Amy Meyers in the galleries, Yale Center for British Art; photo by Michael Marsland

On April 19, novelist and essayist Amitav Ghosh will present the Andrew Carnduff Ritchie Lecture entitled China and the Making of Modern India, bringing a modern perspective to a region whose historical and cultural significance has been presented eloquently both in Adapting the Eye and Johan Zoffany.
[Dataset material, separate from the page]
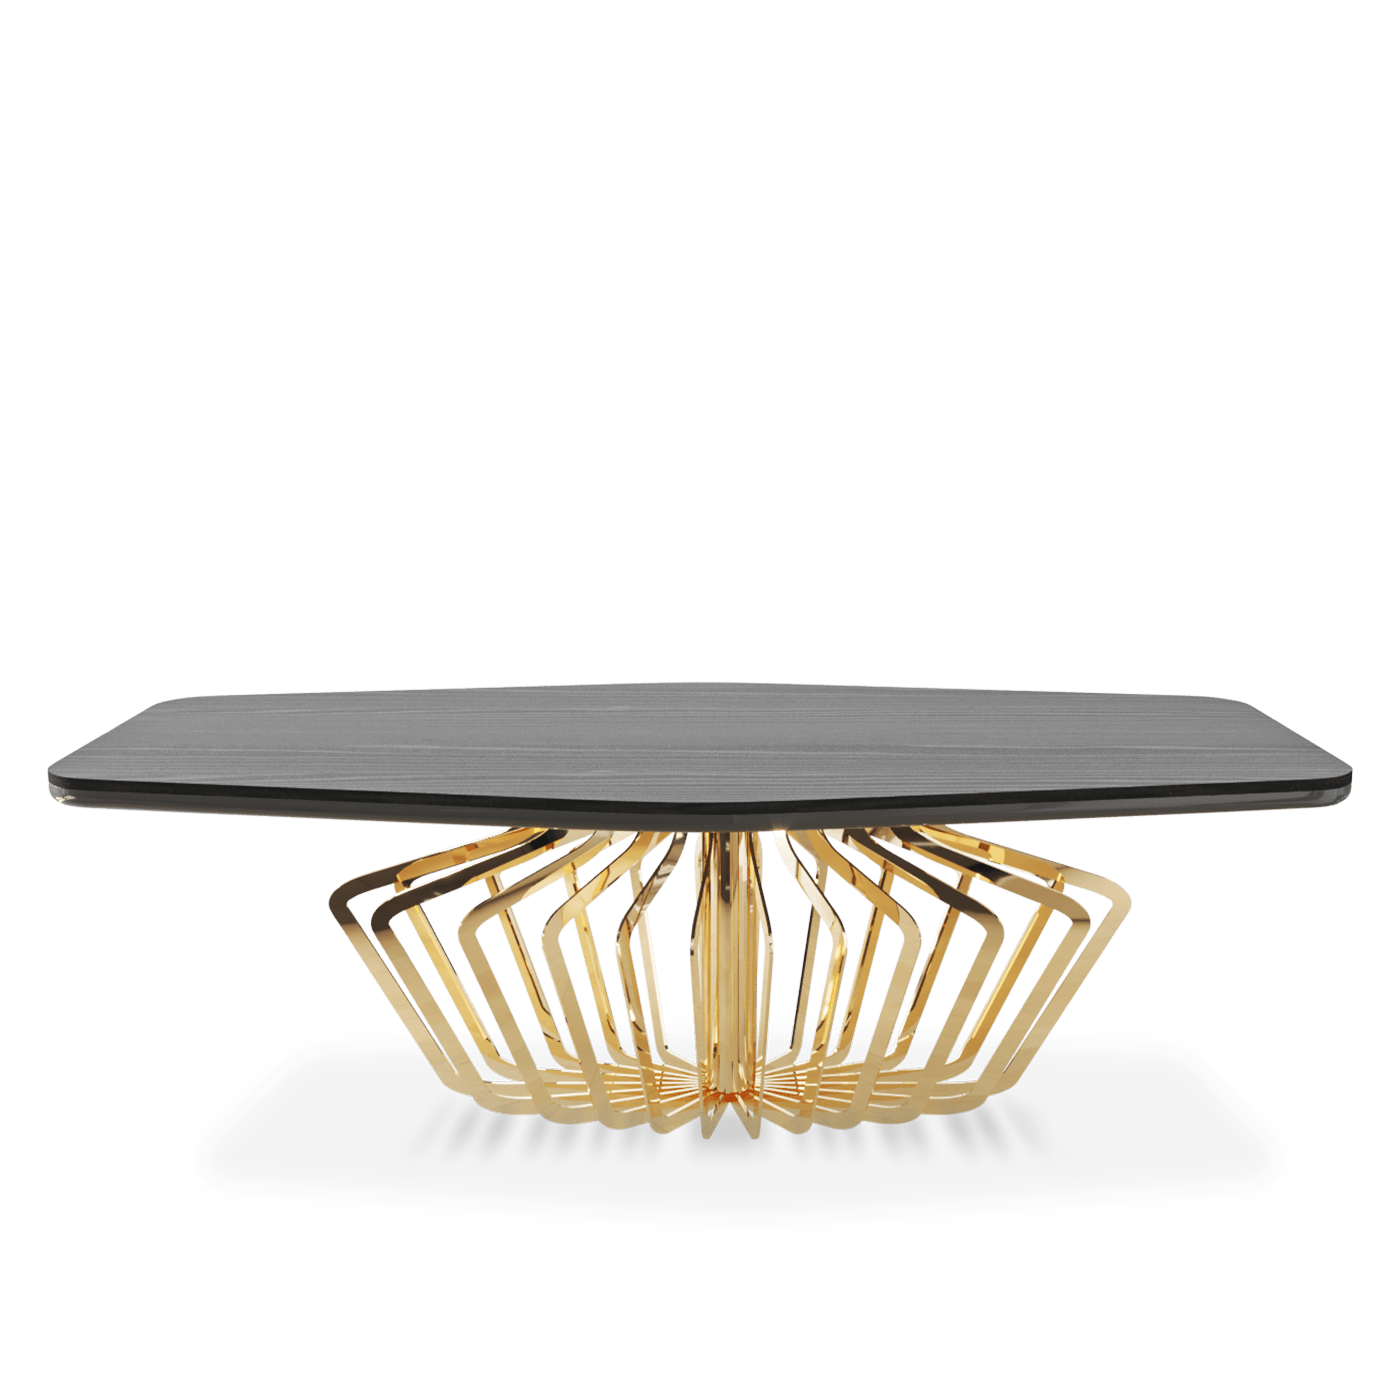 Zybra dining table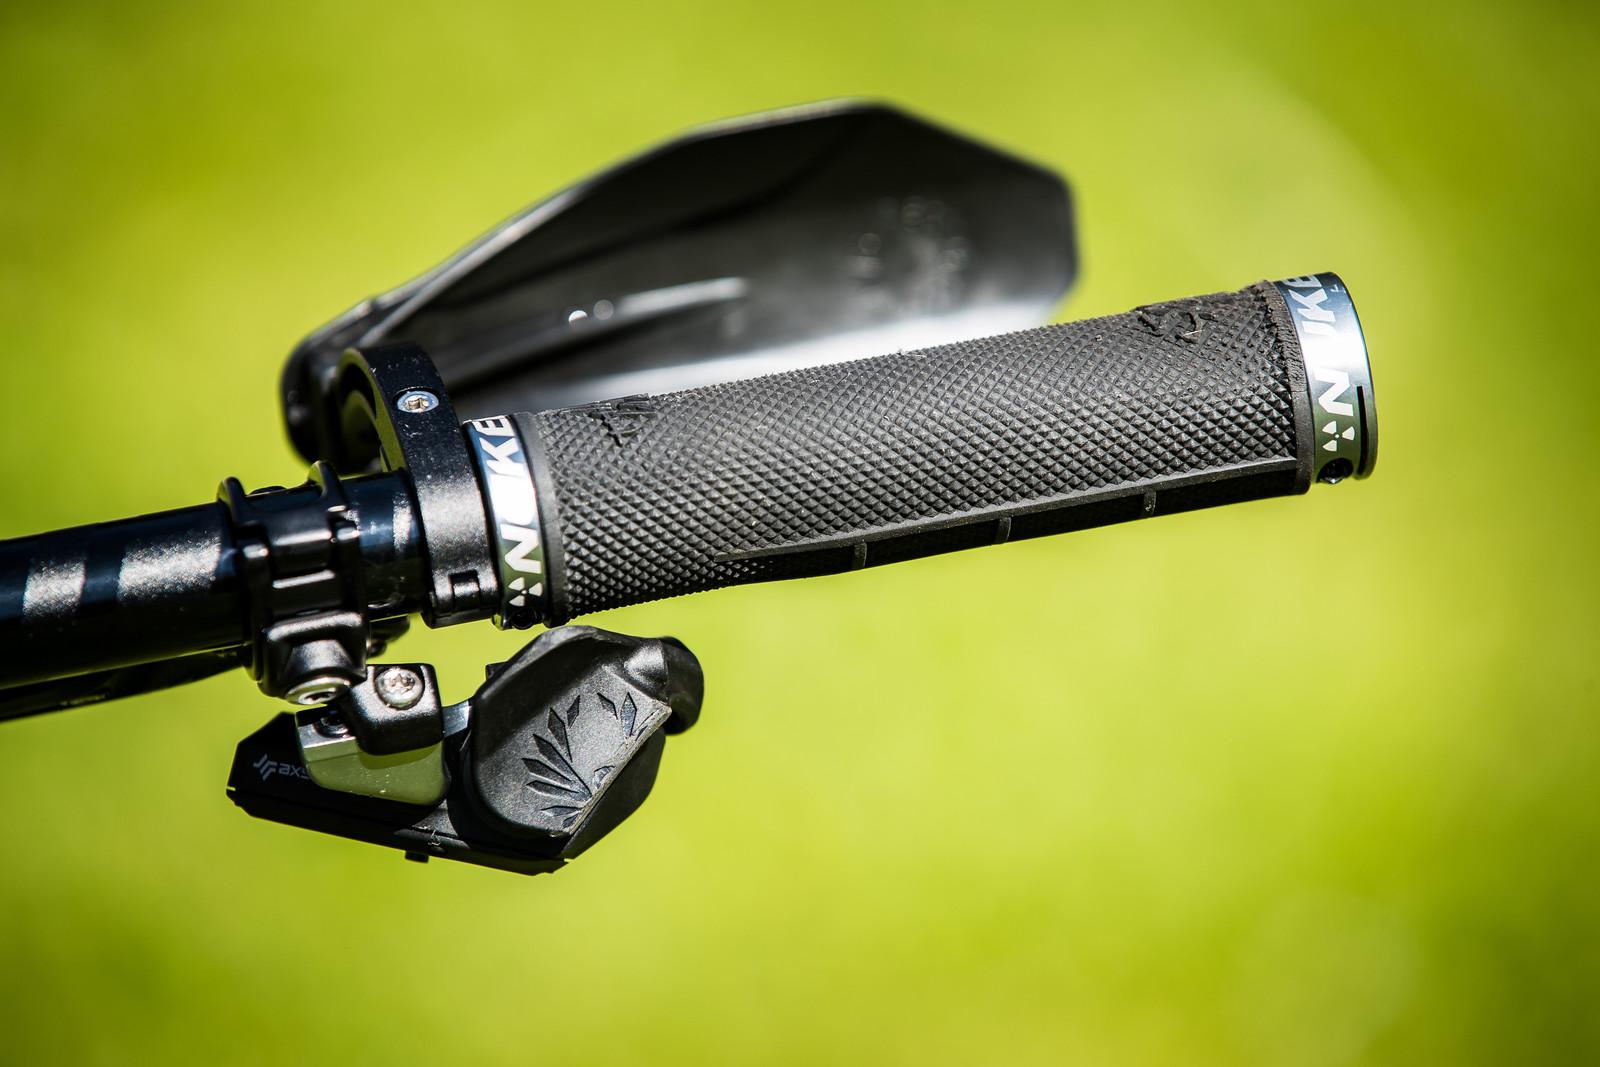 SRAM AXS Shifter - Sam Hill's Updated Prototype Nukeproof Mega 29 with SRAM AXS - Mountain Biking Pictures - Vital MTB

As always, we are indebted to our generous donors and supporters who continue to build on the largess of our founder, Paul Mellon, and to make possible our numerous activities, from acquisitions to research and teaching. In particular, we express our gratitude to Samuel and Gabrielle Lurie for their spectacular gift
of twenty-four striking works by Patrick Caulfield, John Hoyland, Ian Stephenson, and John Walker, many of which were featured in The Independent Eye: Contemporary British Art from the Collection of Samuel and Gabrielle Lurie. The Luries’ present donation is associated with a larger promised gift that will bring their entire collection of British art to the Center. Other recent gifts include George Frederick Watts’ Hope, from Claire and Albert J. Zuckerman, Yale School of Drama MFA 1961, DFA 1962, and James McNeill Whistler’s Green and White–Dieppe, given in memory of John B. Oliver, Yale BA 1941, by his family, and augmenting our small but choice collection of Whistler watercolors. Dorothy C. Weicker has presented us with our first work by Michael Andrews, Shadow (small version), in honor and memory of her parents, Beatrice Trostell and Frederick E. Weicker, Yale BS 1931. A lively drawing of a calvary skirmish by Jan Wyck is among the gifts of Rutgers Barclay, Yale BA 1957, and John D. Viener, Yale BA 1961, has donated an important group of natural history prints. The Kasser/Mochary Family Foundation gift of the Jesus College Quincentennial portfolio includes works by Richard Long, Eduardo Paolozzi, John McLean, and Barry Flanagan, among other modern British artists. Our collection of posters and photographs continues to grow through the generosity of Henry S. Hacker, Yale BA 1965. The Center also has received a painting by Thomas Phillips from Thomas Lowe Hughes, Yale JD 1952, as well as prints, memorabilia, and ephemera from the Hohenzollern-Schalbert-Hughes Collection. The latter are part of a larger gift to Yale; other beneficiaries include the Yale University Art Gallery and the Beinecke Rare Book and Manuscript Library.

Please visit the Center to enjoy these wonderful additions to our magnificent collections, as well as our full schedule of engaging exhibitions and programs. We look forward to seeing you in the New Year!